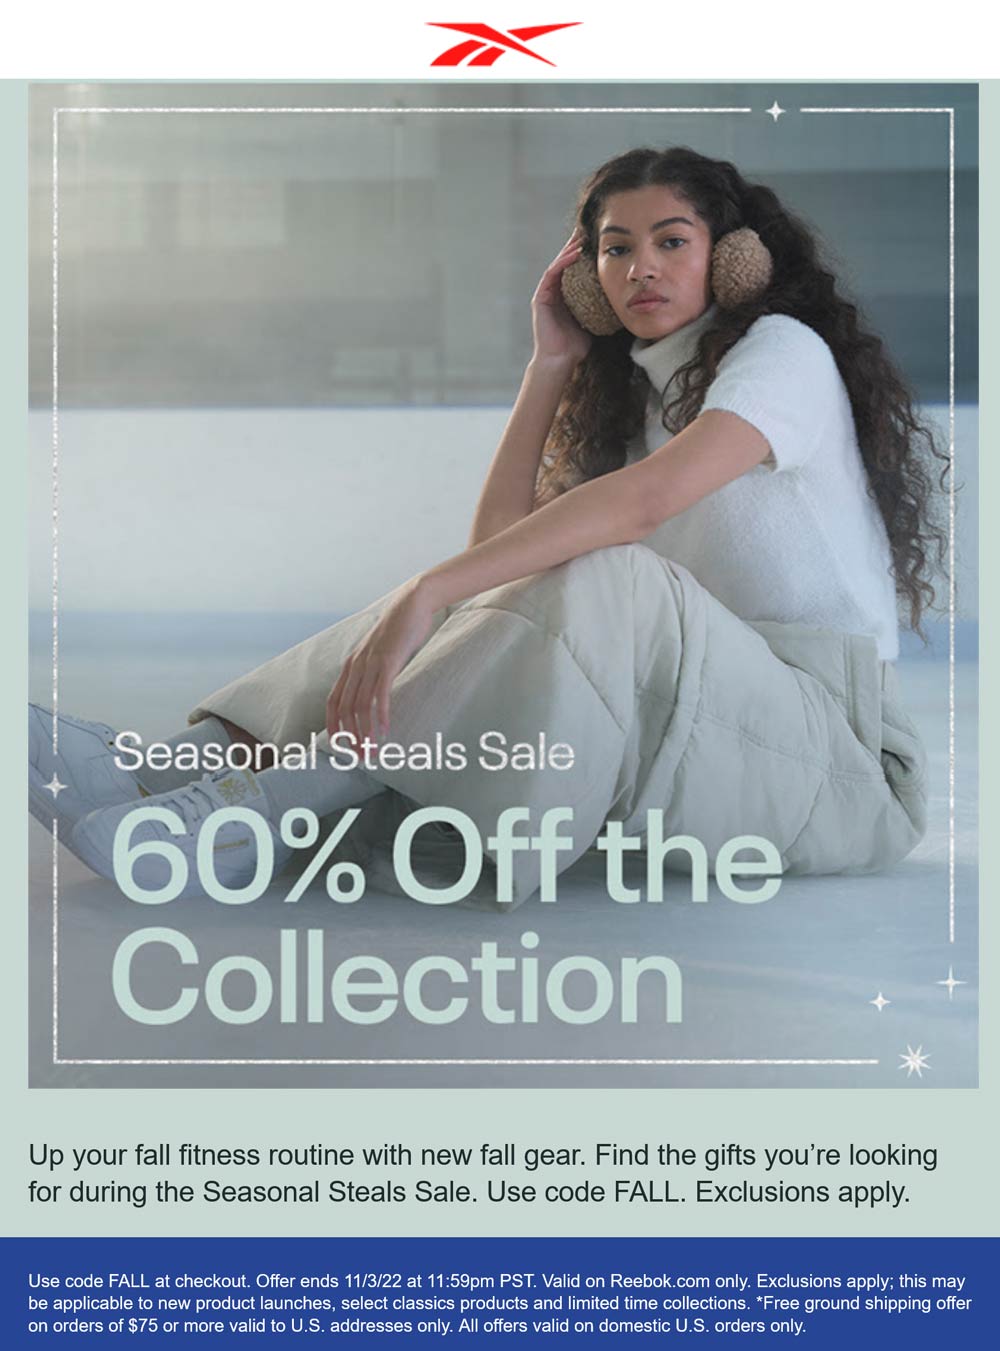 Reebok stores Coupon  60% off the collection online at Reebok via promo code FALL #reebok 
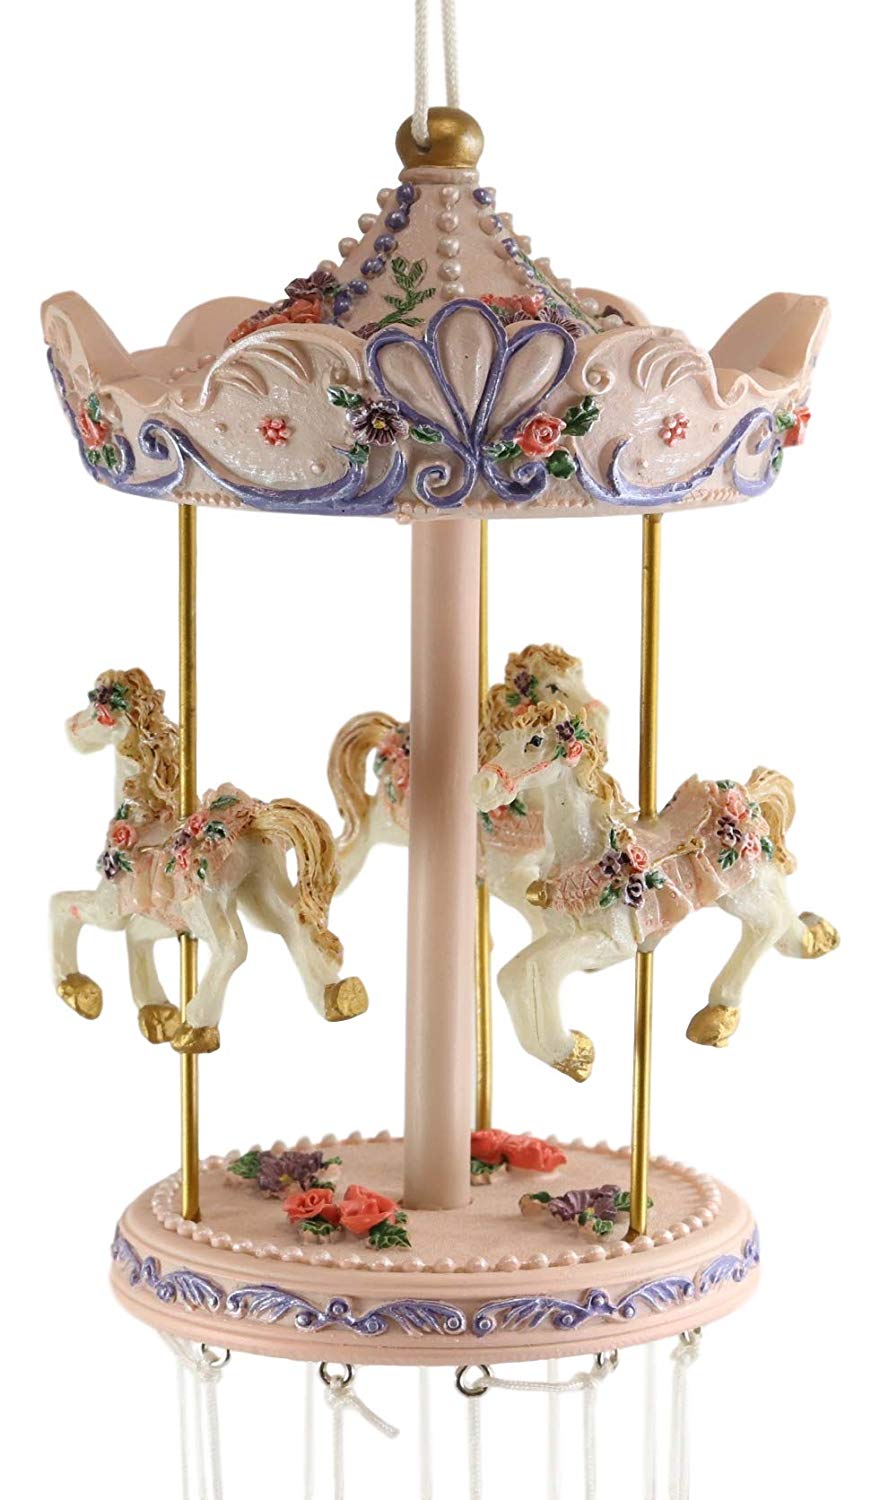 Ebros Gift Pink Carnival Canopy Pony Horses Carousel Figurine Crown Top Resonant Wind Chime With Miniature Ponies Ornaments...
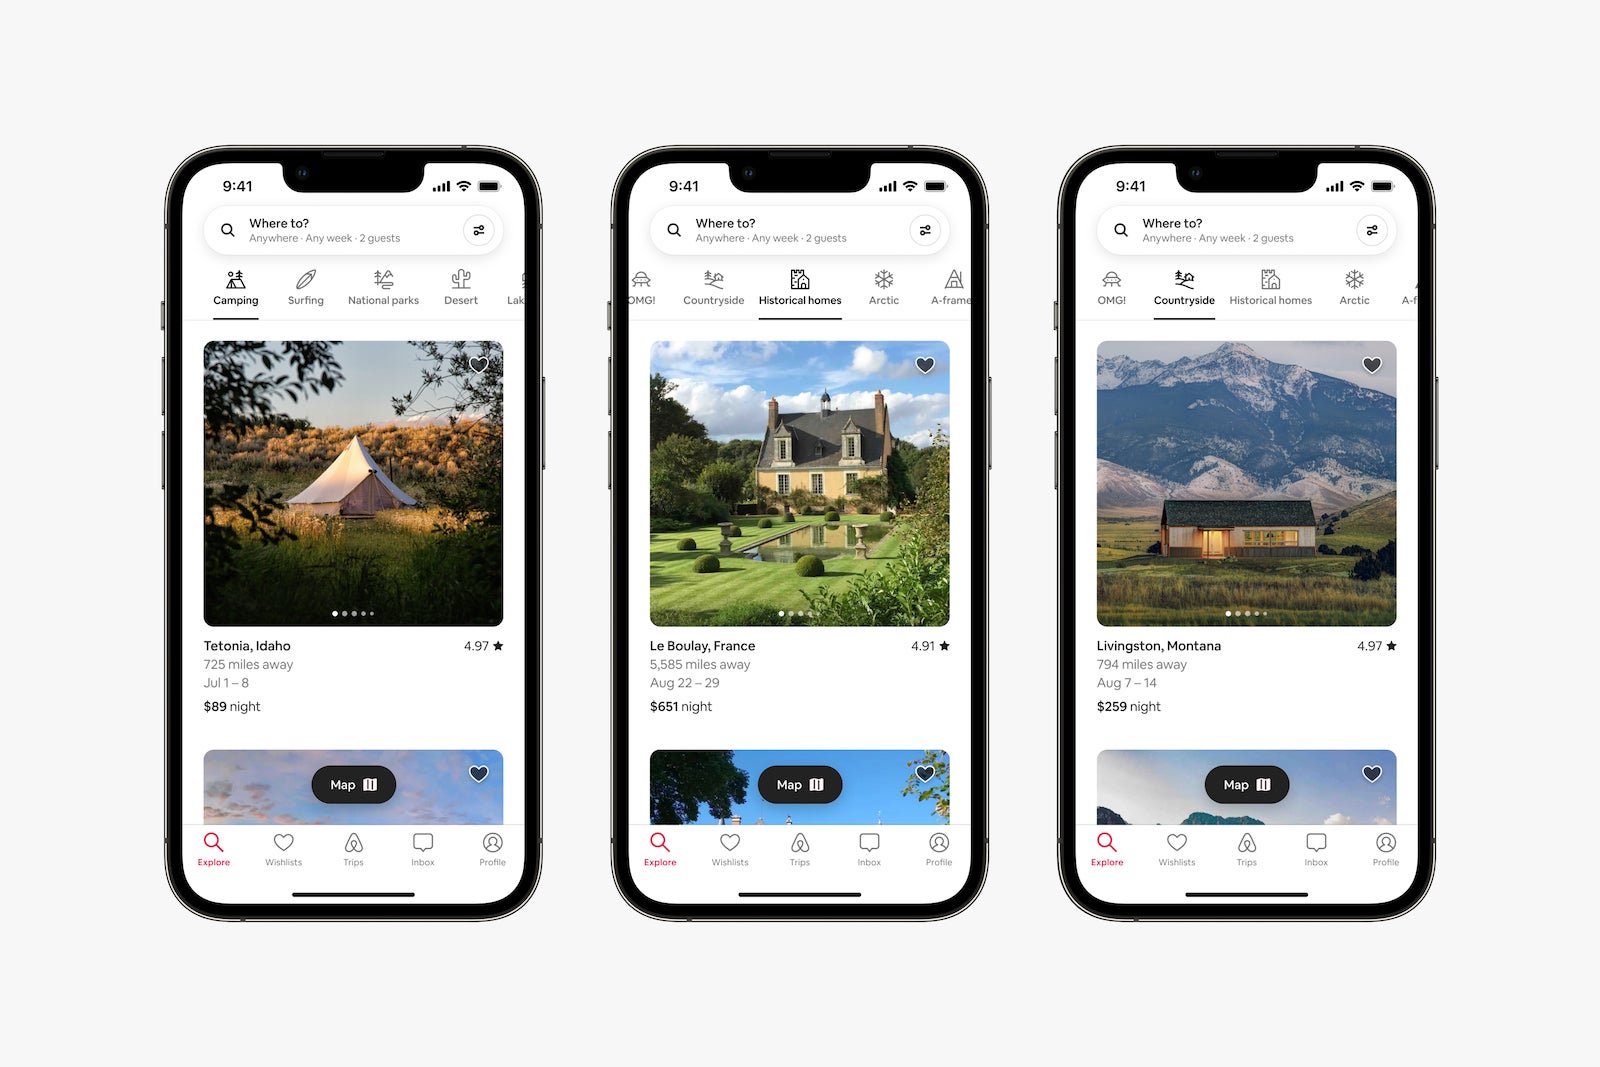 iPhone displaying Airbnb listings side by side
-=-=-=-=-
[WHAT TO PRODUCE] Copy out every line of the material above precisely, omitting the pictures.

[SOLUTION]
 Reebok stores Coupon  60% off the collection online at Reebok via promo code FALL #reebok 
 Ebros Gift Pink Carnival Canopy Pony Horses Carousel Figurine Crown Top Resonant Wind Chime With Miniature Ponies Ornaments...
 iPhone displaying Airbnb listings side by side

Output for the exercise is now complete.